Swartz v Namibia Water Corporation Limited (HC-MD-CIV-ACT-CON- 2419 of 2022) [2022] NAHCMD 547 (12 October 2022)


REPUBLIC OF NAMIBIA


IN THE HIGH COURT OF NAMIBIA, MAIN DIVISION, WINDHOEK

RULING


Case Title:

STOFFEL JOSEPH SWARTZ vs NAMIBIA WATER CORPORATION LIMITED


Case No:

HC-MD-CIV-ACT-CON-2022/02419

Division of Court:

HIGH COURT (MAIN DIVISION)

Heard before:

HONOURABLE MR JUSTICE PARKER, ACTING

Date of hearing:

29 SEPTEMBER 2022

Delivered on:

12 OCTOBER 2022

Neutral citation: Swartz v Namibia Water Corporation Limited (HC-MD-CIV-ACT-CON-2022/02419) [2022] NAHCMD 547 (12 OCTOBER 2022)


IT IS ORDERED THAT:


  1. The application is refused with costs under rule 32(11) of the rules, limited to reasonable disbursements.

  1. The condonation application is accordingly dismissed and is removed from the roll.


Reasons for the Order:


[1] The order that commanded defendant to file its notice of exception on or before 12 August 2022 was issued on 26 July 2022. That gave defendant 12 court days and 17 calendar days to act. Those days were on any pan of scales sufficient for any legal practitioner minded acting with care and promptitude to act in accordance with the order. The defendant is not an entity at some far-flung locus outside the seat of the court, making it time consuming to take instructions from.

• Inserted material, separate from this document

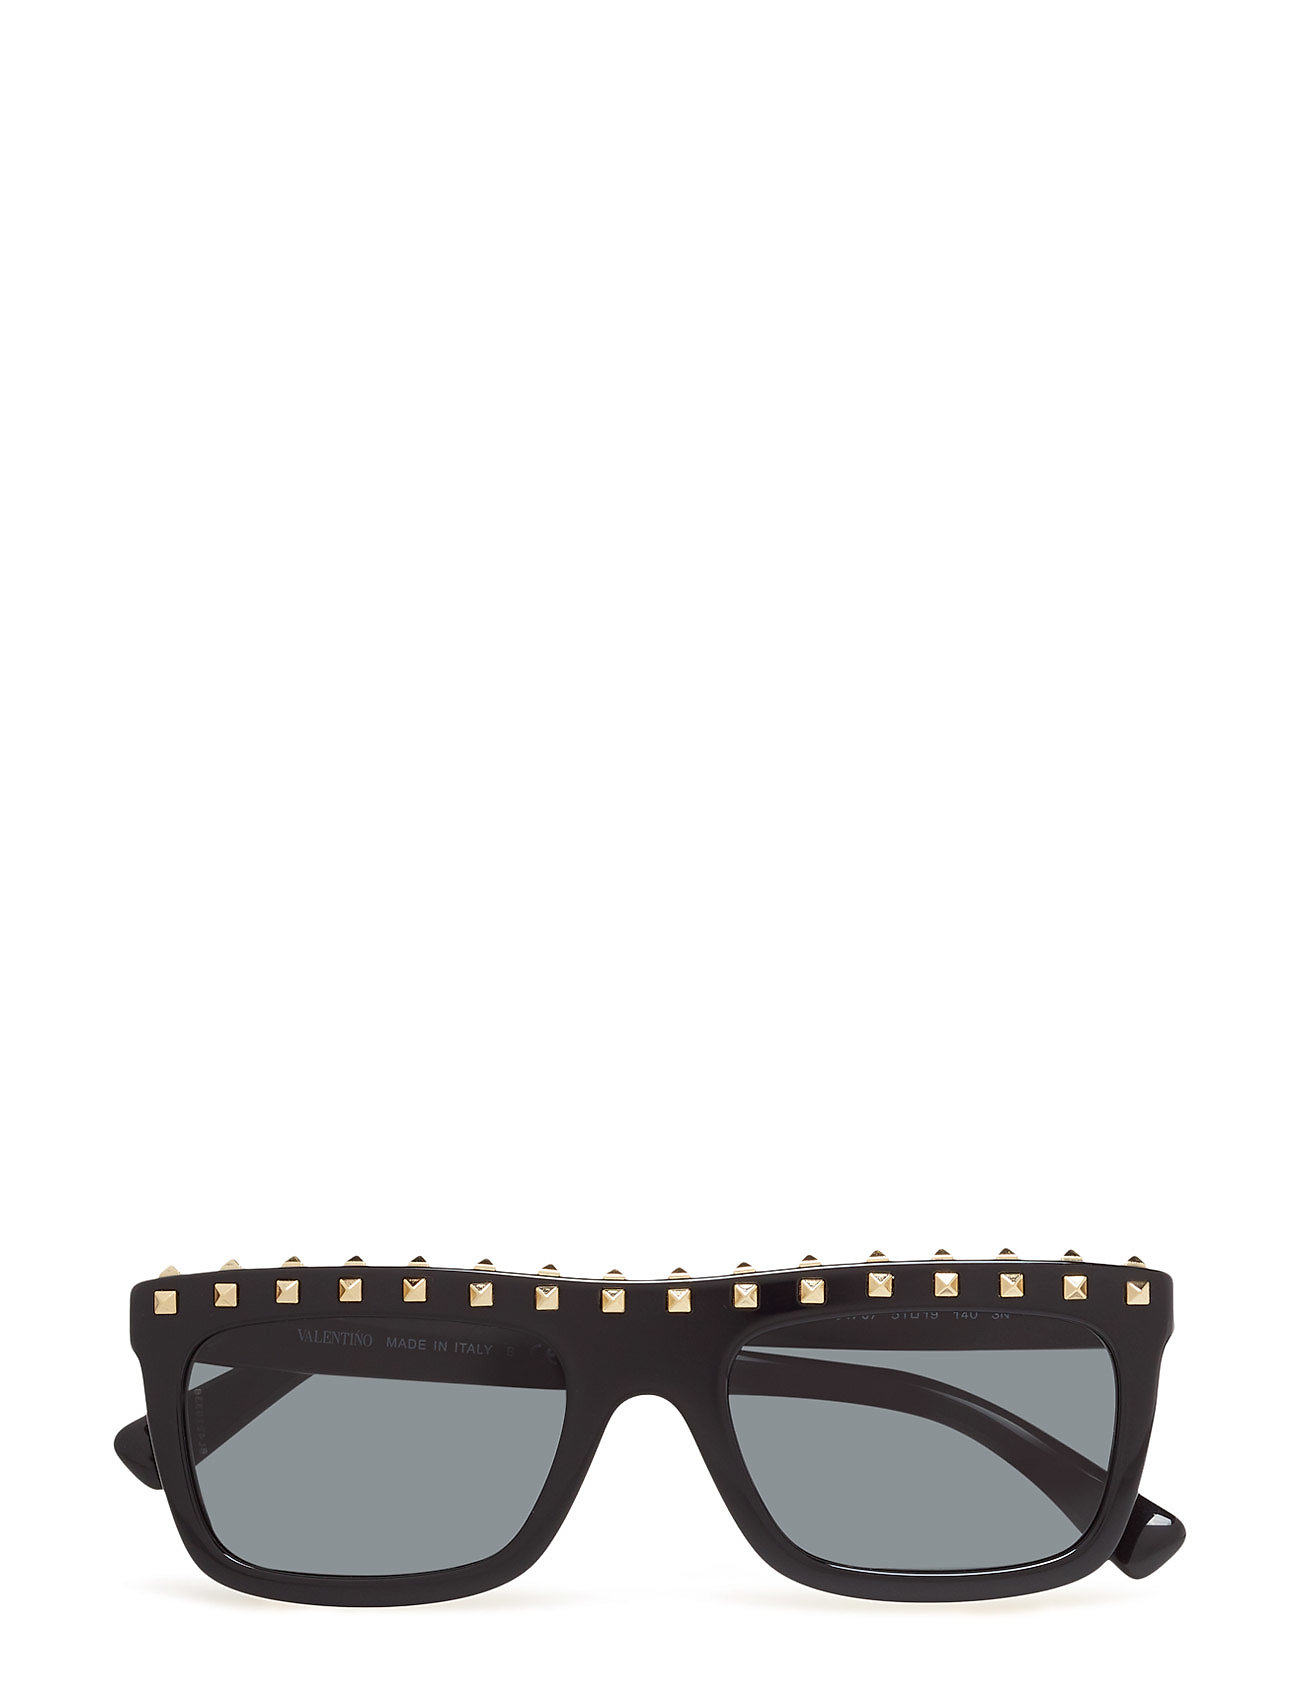 valentino sunglasses – Soul rockstud fra boozt.com dk

And as of 26 July 2022 the defendant had made up its mind to bring the notice.


[2] The ineptness of defendant’s legal practitioners and their sloven remissness cannot be good reasons that can persuade the court to exercise its discretion in favour of the defendant by granting the condonation application. The legal practitioners’ explanation that the late filing of the notice of exception is a bona fide mistake is respectfully rejected as not being good and valid. A ‘mistake’ is an act that is misguided or wrong.1


[3] If you ask me, there has of late been far too many condonation applications doing their round in the court; condonation applications brought to condone the incessant failure to obey court orders by parties. This shameful vogue has the effect of setting at naught court orders and that does not conduce to due administration of justice and the promotion of rule of law.

[4] Ms Brinkman attacked respondent’s so-called opposing affidavit as being defective. That may be so. But that is of no moment. The fact that the opposing papers of respondent is not an answering affidavit properly so called, does not mean that applicant can obtain judgment as if by default. The applicant must on its papers persuade the court to grant the relief sought.2

[5] The applicant says the application enjoys good prospects of success, and so, the court ought to grant it. That is not a good enough reason as far as the court is concerned to grant the relief sought. To accept such contention will set a dangerous and unjustifiable precedent, remembering what I said previously about the unacceptable vogue that has bedevilled the court in its duty to attain due administration of justice and to protect and promote rule of law.


[6] Based on these reasons I decline to exercise my discretion in favour of granting the indulgence craved by applicant. The application fails.


Judge’s signature

Note to the parties:


Parker

Acting Judge


Not applicable.

Counsel:

Plaintiff/Respondent

Defendant/Applicant


In Person



C Brinkman

of

ENSafrica Namibia, Windhoek


1 Concise Oxford English Dictionary 12 ed.

2 Christian v Metropolitan Life Namibia Retirement Annuity Fund and Others 2008 (2) NR 753 (SC) para 15.